Although the author of the USENET article burdvax.781 is correct in
theory about all the tricky factors than enter in any LIPS evaluation,
in practice (8 years of it) the small set of benchmarks in David
Warren's "Implementing Prolog" technical reports (available from the
Dept. of Artificial Intelligence of Edinburgh University) seems to
provide a good estimate of the performance of a Prolog system for a
large variety of tasks.

The figures of 40000 LIPS for DEC-20 Prolog and 1500 LIPS for C-Prolog
on a VAX 780 come from timing "naive reverse" defined as follows:

	nrev([],[]).
	nrev([X|L],R) :- nrev(L,R0), conc(R0,[X],R).

	conc([],L,L).
	conc([X|L1],L2,[X|L3]) :- conc(L1,L2,L3).

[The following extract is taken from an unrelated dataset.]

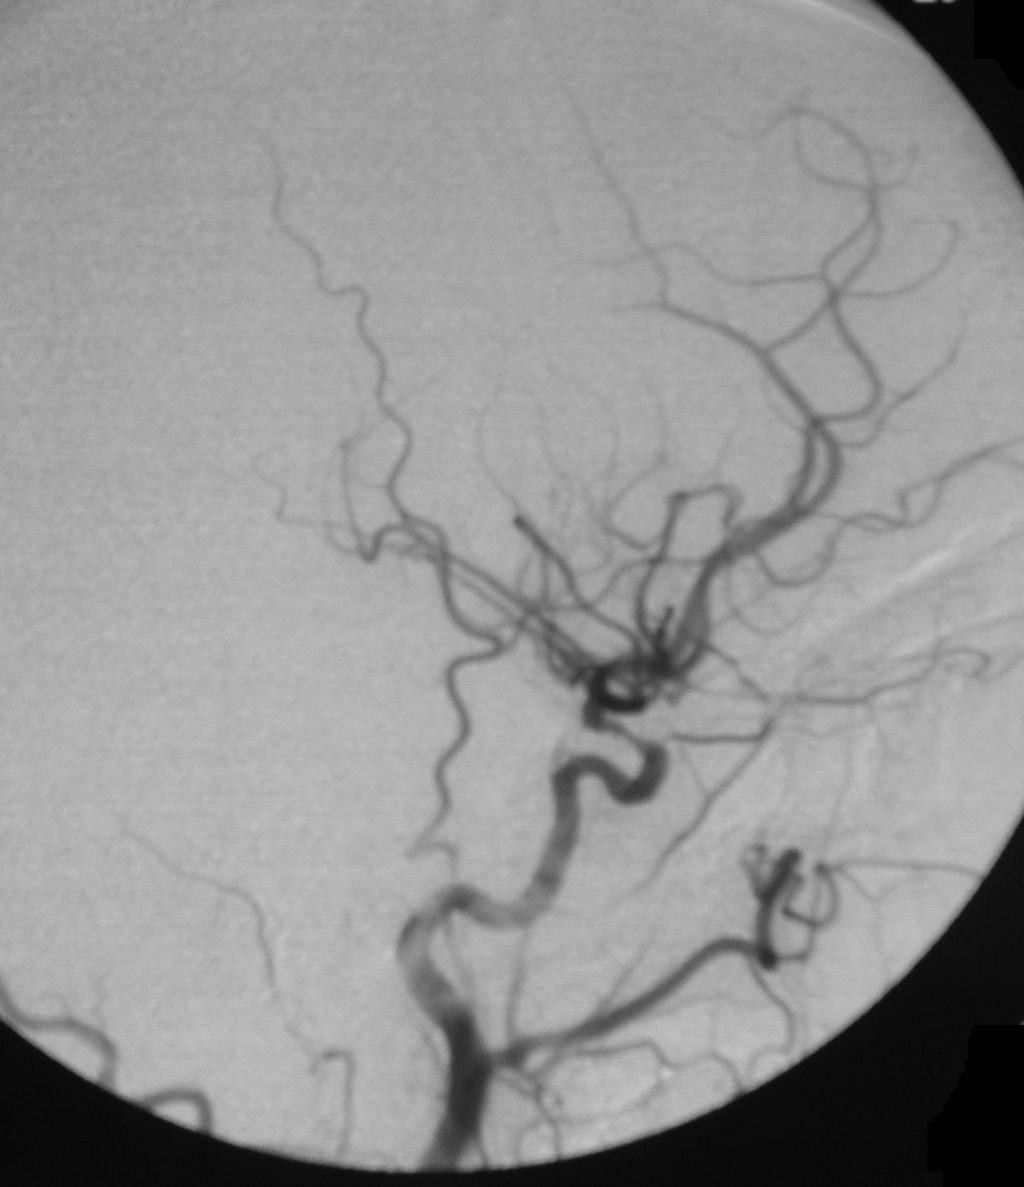 Moya-Moya LICA RICA Other Causes Obliterative arteropathy with b/l distal intracranial ICA occlusions or highgrade stenoses Hypercoaguable States Cancer Antiphospholipid antibody syndrome Usually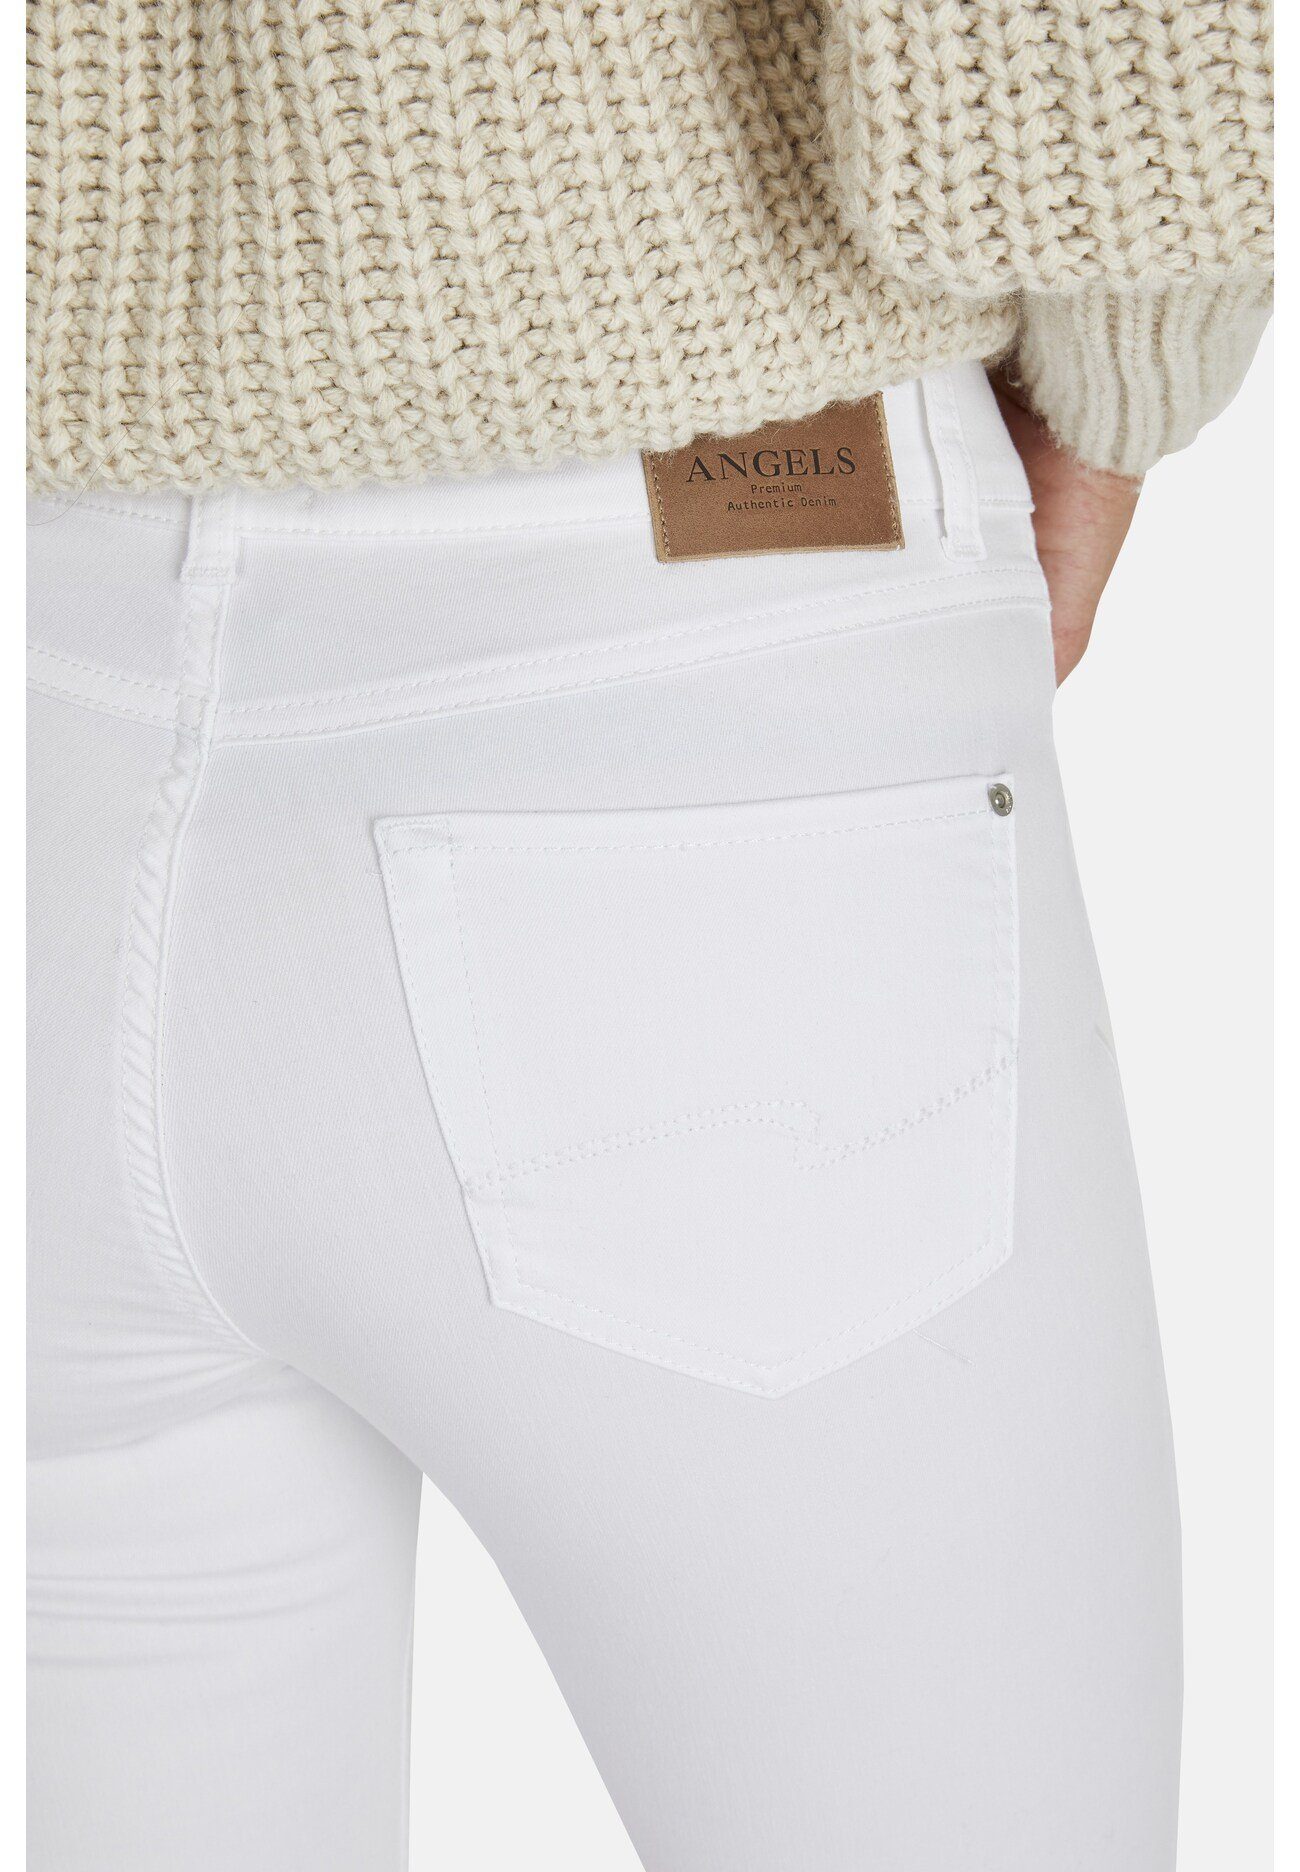 332 STRETCH ANGELS ANGELS - 3400.70 white CICI JEANS Stretch-Jeans

Although this is very simple, it tests the shallow backtracking and
structure crunching which is charateristic of complex Prolog programs
such as compilers, natural-language parsers, term rewrite systems (eg.
algebraic simplifiers and equation solvers), theorem provers, etc. The
program doesn't test deep backtracking and cut, but these seem to be
comparatively fast in those systems that are good enough to be worth our
trouble measuring.

To get accurate figures for this kind of benchmark, we use a test
program which calls nrev once to allocate space, page in, etc., then
fails and goes into a fail loop calling nrev a number of times.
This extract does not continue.